My role as an advocate for Acromegaly and my even rarer condition Wyburn-Mason syndrome took me even further afield after winning a Scholarship to an Acromegaly Conference in Vancouver, Belgrade for a Rare Disease and Orphan Drugs Conference and the beautiful surroundings of Cambridge for the Cambridge Rare Disease Network (CRDN). I attended as a patient representative and not in my role as volunteer this time. This was a particularly valuable event. The theme for the day was Re-imagining the Patient Journey and Rare Disease advocates and organisations from all over the UK met to talk and share their experiences.
Everyone was asked to produce posters about their conditions, focusing on four main topics: Causes of the condition, Symptoms and Treatments, Impact of the Condition and Hopes and Aspirations. I set about producing two posters, using feedback and information from the community online (not so easy for Wyburn-Mason syndrome as there is literally just a handful of us!) and was really happy with the final results - click below to see them.
Attendees were also asked to produce a Patient Journey poster and five of the best would then have the opportunity to talk about their condition in front of the entire audience. Having written a book about my amazing medical journey, I knew I had a special story to tell; the trouble was trying to fit it all on to a poster! But with help from a brilliant designer friend of mine, we produced a really effective poster (click below to see) and - what do you know - I was one of the winning entries!
It was amazing to have the opportunity to talk on stage and highlight both Wyburn-Mason syndrome and Acromegaly. After what felt like thirty seconds, a card was flashed in front of me to tell me I only had one minute left!

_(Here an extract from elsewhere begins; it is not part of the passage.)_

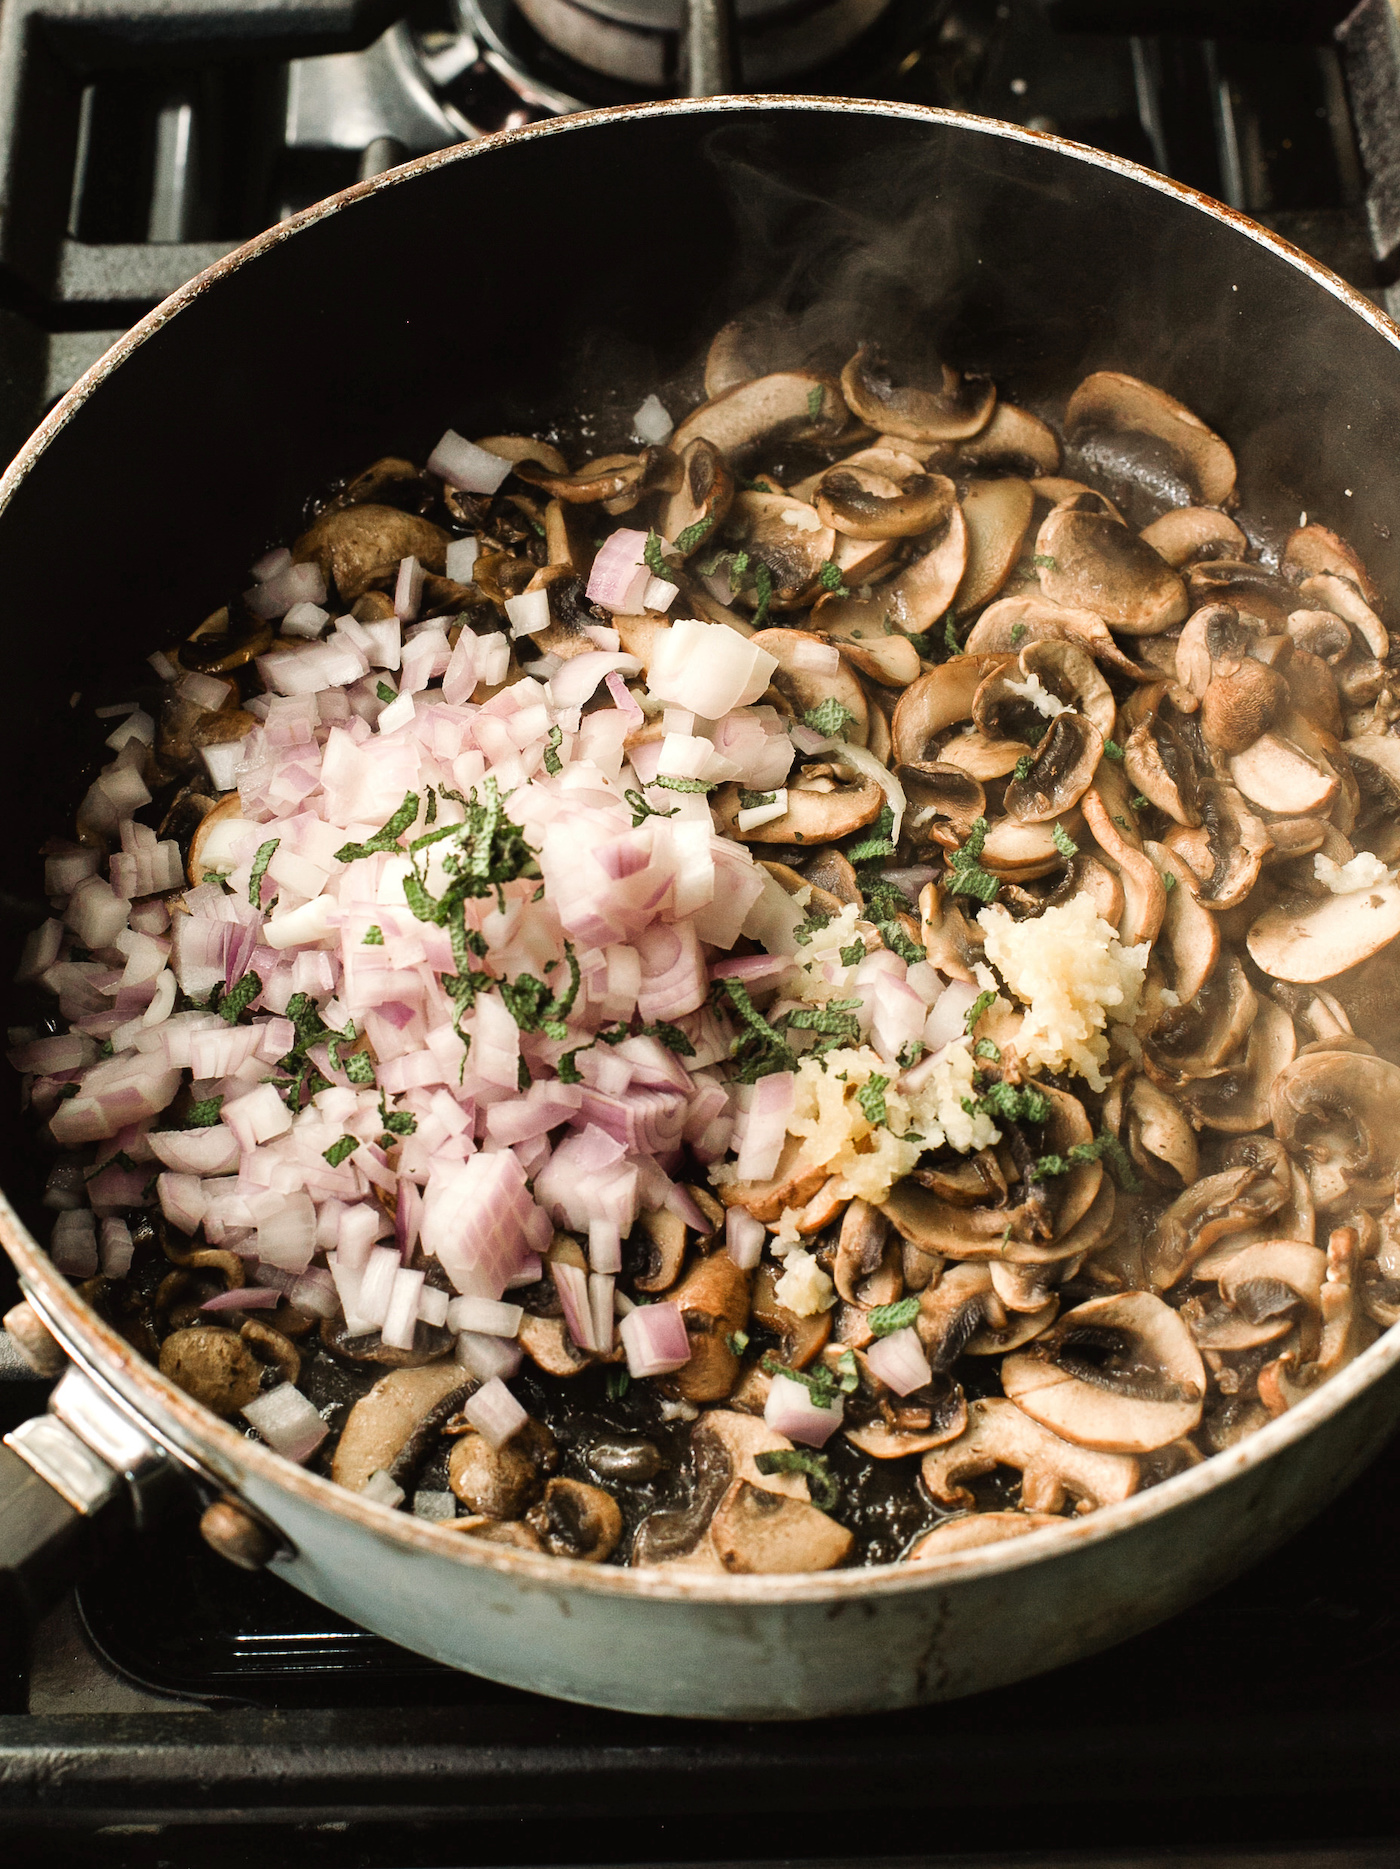 Shallots, garlic, and sage added to the mushrooms

I had just enough time to cover what the main hopes were for those diagnosed with Acromegaly. Again, after consultation with support groups on Facebook, I reduced it down to the following:
1. Earlier diagnosis
2. Routine IGF-1 and OGTT testing
3. Continued attempt to raise awareness
Overall it was a fantastic day and no doubt helped raise awareness for a myriad of Rare Diseases and conditions. It was also a great networking opportunity too, and I got to talk to all manner of advocates, patient groups, pharmaceuticals and specialists working hard to improve awareness and treatment of Rare Diseases. I even got to sell a pile of books too! Awareness raising happens in all forms.